Hopi Arts and Cultural Festival Sept. 30 in Flagstaff

Artwork for the Hopi Festival poster was created by Wallace Lomakema from the Village of Walpi.

Photo/Wallace Lomakema

Artwork for the Hopi Festival poster was created by Wallace Lomakema from the Village of Walpi.

FLAGSTAFF, Ariz. — The 8th annual Hopi Arts and Cultural Festival, which takes place Sept. 30 — Oct. 1, is an opportunity for visitors and residents to experience Hopi art and culture at its best.

Sponsored by the Hopi Tribe Economic Development Corporation (HTEDC), which seeks to improve economic development for the Hopi people, the festival showcases Hopi artisans and dance groups in an outdoor and family friendly atmosphere in downtown Flagstaff.

The festival takes place in Heritage Square from 9 a.m. to 5 p.m. both days. The celebration of Native cultures includes social dances, music and traditional and contemporary art. Artisans include potters, carvers, weavers, painters and notable artists.

Entertainment includes the Kwang’toi’hooyam (Flagstaff dance group, Shungopave Dance Group (Hopi dance group), Ryon Polequaptewa (Hopi flute player, drummer and singer), Living Traditions (Hopi hoop dancer) and Ed Kabotie (flute, guitar player and singer).

Demonstrators include Garrett Maho (Hopi potter), Justin Secakuku (Hopi textile weaver), Julius Pochema (Hopi Kachina doll carver) and Annetta Koruh (Hopi wicker plaque weaver).

The design for the t-shirt and poster, which are available for sale, was made by Wallace Lomakema, who is from the Village of Walpi and a member of the Flute and Deer Clan.

According to Lisa Talayumptewa, event coordinator for HTEDC, Lomakema refers to himself as a rookie artist and market participant.

“However his achievements prove otherwise,” Talayumptewa said.

Over the years, Lomakema has attended many fairs and markets including the Tuhisma Market; the Heard Museum Indian Fair and Market; the Museum of Northern Arizona Annual Hopi Festival; Arizona State Museum; and the Southwest Indian Art Fair.

“His participation in these events has awarded him two honorable mentions, three first place awards, an award of excellence, a director’s award and a best of show,” Talayumptewa said.

Lomakema realized his artistic ability as early as his elementary school days. Over the years, he tried various crafts including Hopi jewelry, leather crafts and molding sculptures from clay. None held his interest and for many years he did not practice any of the crafts.

It was not until much later in life, at the urging of his daughters, that Lomakema decided to try his skill at creating pictures using Prisma colored pencils after sharing a booth with a Hopi artist who shared her knowledge with him at the Santa Fe Indian Market.

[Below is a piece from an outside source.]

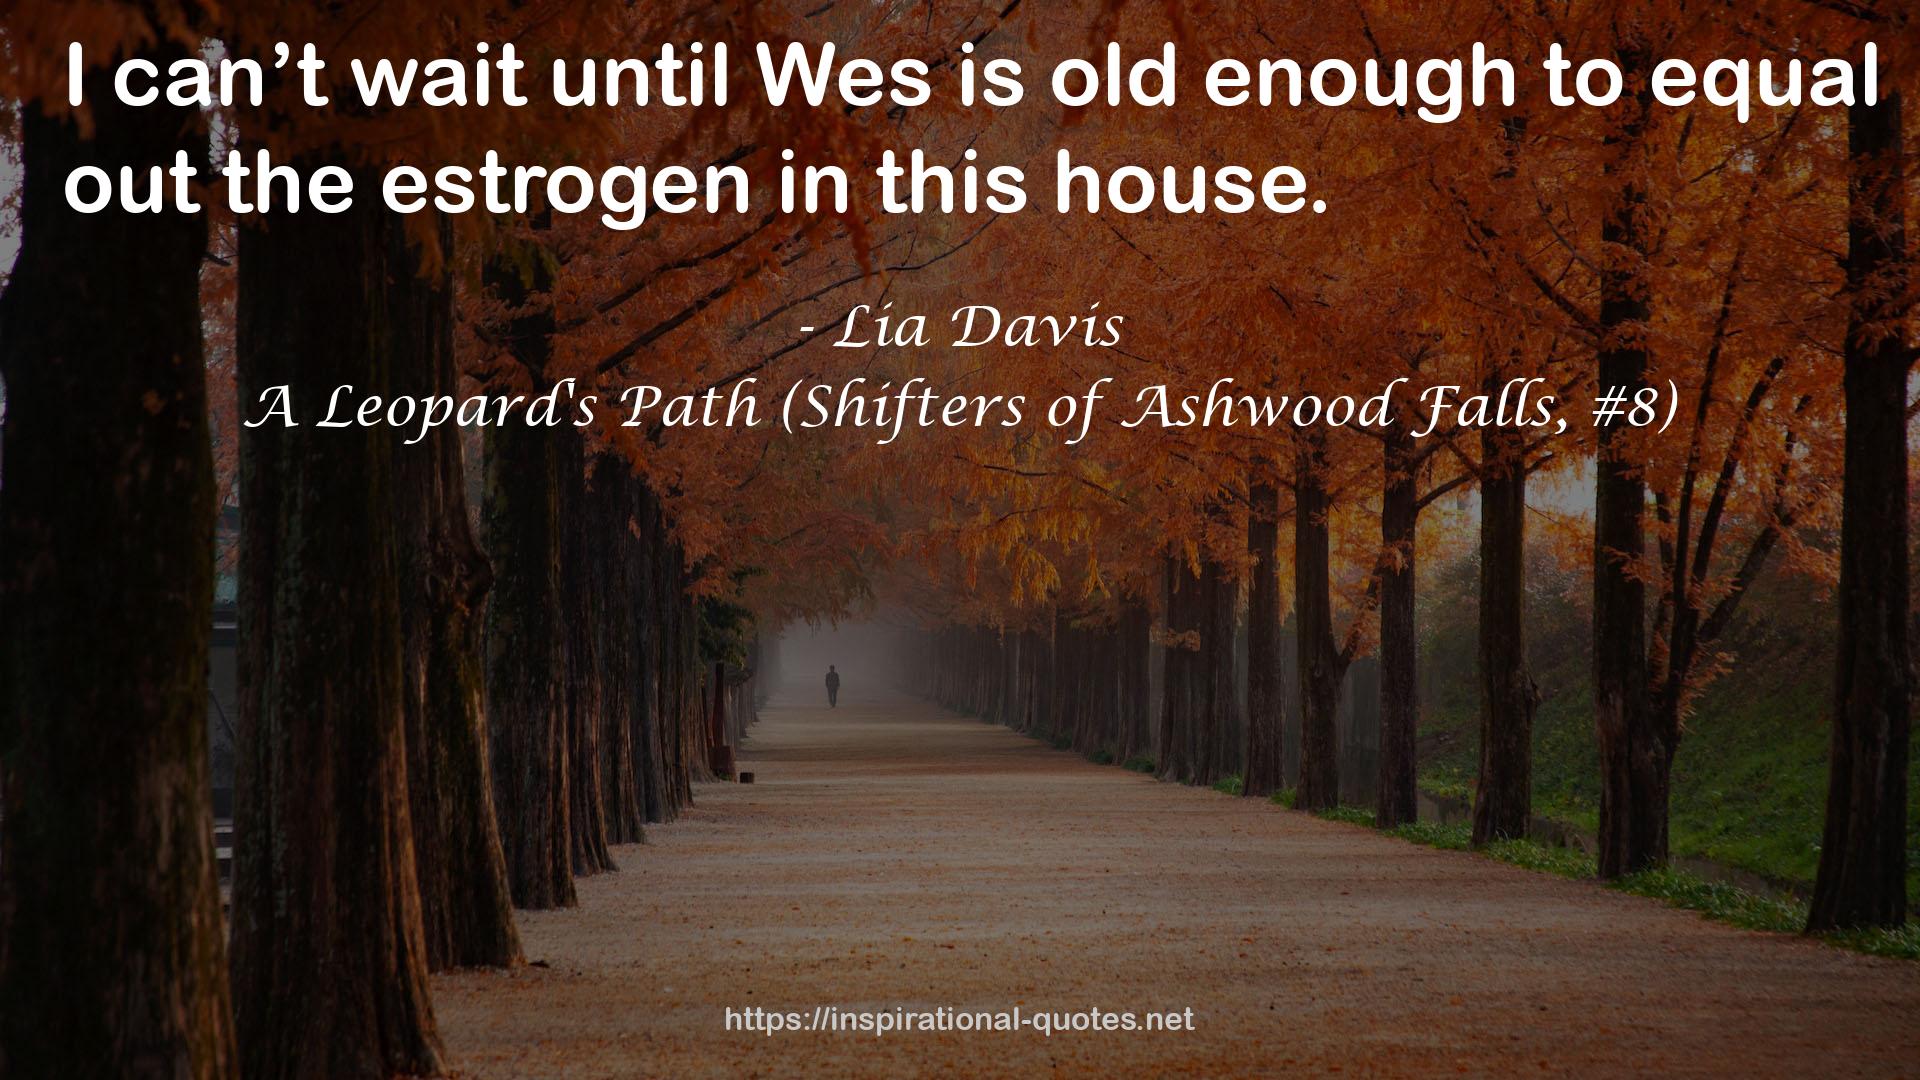 A Leopard's Path (Shifters of Ashwood Falls, #8) QUOTES

Lomakema completed a big picture for his daughters and realized that he could still draw and paint. He currently also produces all occasion gift cards.

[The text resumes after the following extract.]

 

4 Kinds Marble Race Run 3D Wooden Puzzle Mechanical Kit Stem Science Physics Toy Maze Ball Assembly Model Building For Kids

Talayumptewa said Lomkema is happy that his hands are still steady and his mind able to provide him a creative vision.

“Mr. Lomakema is 82 years young and the proud winner of this year’s Hopi Festival poster contest,” Talayumptewa said. “Thank you, Mr. Lomakema, for sharing your talents with us.”

Talayumptewa said the event aims to bring together communities and visitors to learn from one another.